Why don't GDP components (C + I + G + NX) add up exactly to GDP?
Because each series is built by splicing many sources together (ratio chain-linking), the national-accounts identity Y = C + I + G + NX won't hold exactly: there is an implicit statistical discrepancy, just as official sources like Eurostat report. The GMD currently does not force components to reconcile (no hierarchical rescaling), so that each series stays as close to the raw data's growth rates as possible. We plan to offer reconciled versions in future releases.
In which units are the variables expressed?
Units depend on the type of variable, and every variable's unit is shown on the Explore page and in the documentation. In brief:
- Level variables — GDP, consumption, investment, trade, government revenue,
expenditure and debt, and the monetary aggregates (
M0–M4) — are in millions of local currency. Nominal series are in current prices; real series (e.g.rGDP) are in constant 2015 prices. - US-dollar variants (the
_USDseries, e.g.nGDP_USD) are in millions of US dollars. - Per-capita GDP is in local currency (
rGDP_pc) or US dollars (rGDP_pc_USD). - Ratio variables (the
_GDPseries such asgovdebt_GDP) are in percent of GDP. - Rates — inflation, unemployment and the interest rates — are in percent.
- Index variables (
CPI, the GDP deflator,REERand the house-price index) are rebased so that 2015 = 100. - The exchange rate (
USDfx) is local currency per US dollar, and population (pop) is in thousands of persons.
What base year are real and index variables expressed in?
Real and index variables (real GDP, the consumer price index, and the GDP deflator) are rebased to a common base year of 2015, using the IMF World Economic Outlook as the reference, so levels are comparable across countries and over time. For sources with no data in 2015, we use the most recently-available year.

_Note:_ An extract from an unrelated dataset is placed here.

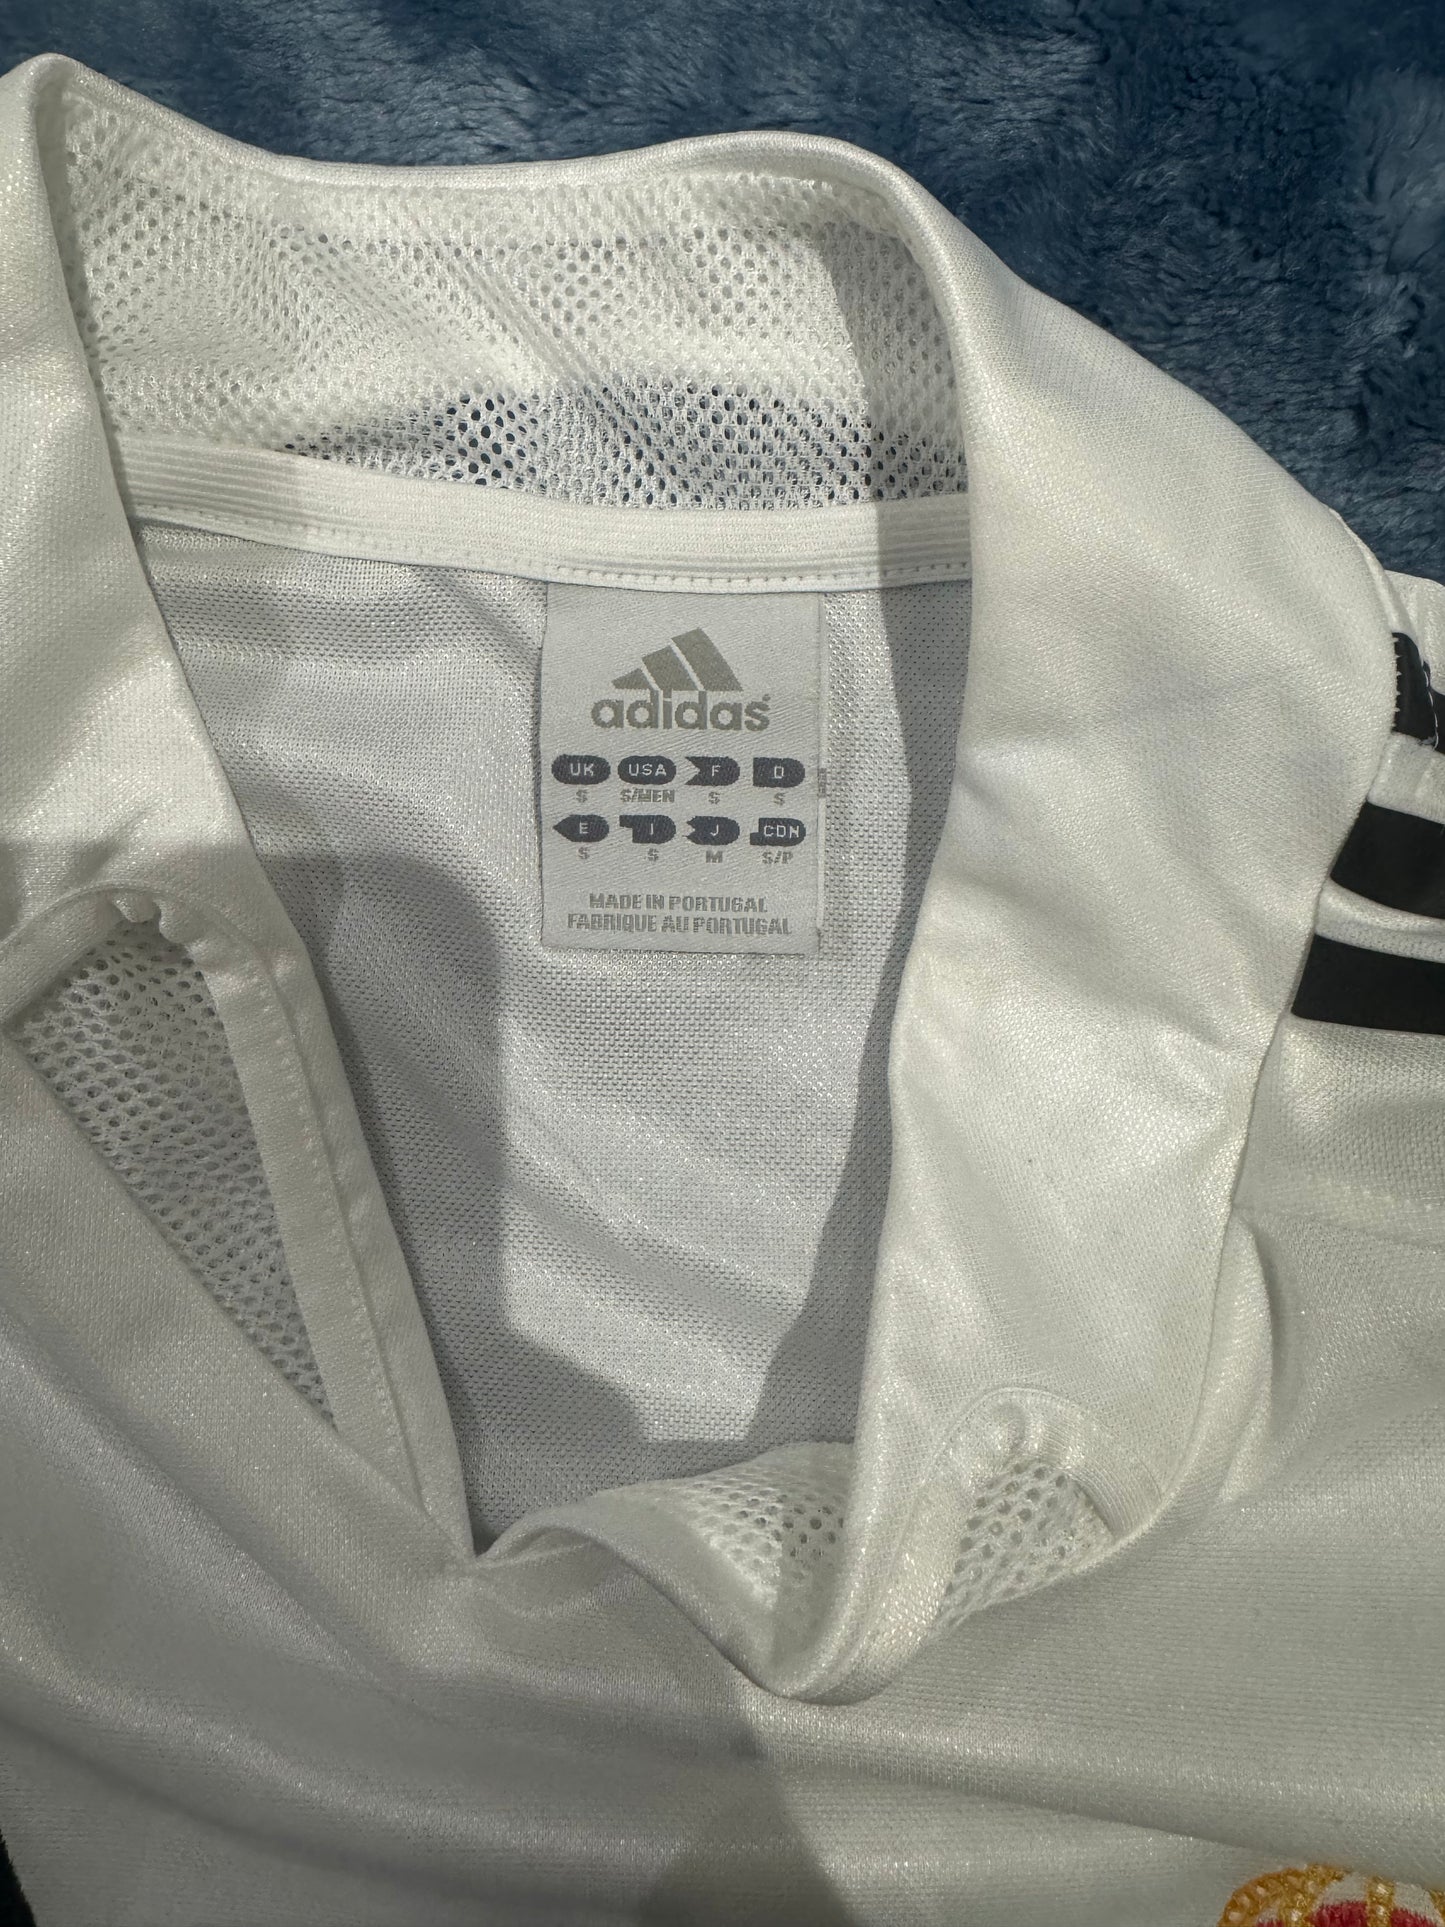 Vintage Real Madrid 2004-05 Adidas Football Jersey Camiseta Fútbol Size - (S) / NUEVA CON DETALLES

Why do recent values change between versions, but historical ones don't?
The GMD uses an anchor year of 2018. Historical data (before 2018) is chain-linked backward from the anchor and stays fixed across releases unless an error is found; recent data (after 2018) is chain-linked forward and absorbs new revisions and forecasts. This keeps the long-run history stable while letting recent years update with each release. The anchor year may shift in future major releases.
How are currency changes and redenominations handled?
Long-run series span eras of currency reform, so the GMD converts everything to a single consistent unit using official rates. Examples include applying the ECB's irrevocable euro conversion rates or stepping through Brazil's many currency changes. Conversions are documented in the country notes.
How are ratio variables expressed?
All ratio variables (e.g. govdebt_GDP, exports_GDP, CA_GDP) are
expressed in percent: a value of 50 means 50% of GDP.
Which variables are constructed directly from sources, and which are derived?
Some variables are constructed directly, in that the GMD harmonizes and splices the observations that underlying sources actually report for that series. Others are derived: they are computed from those series through standard accounting identities. Which is which depends on how most sources report the data:
- Constructed directly: nominal and real GDP, consumption, investment, exports and imports, the CPI and house-price index, inflation, population, the monetary aggregates, interest rates, the exchange rate, and the central- and general-government revenue, expenditure and debt series reported as a share of GDP.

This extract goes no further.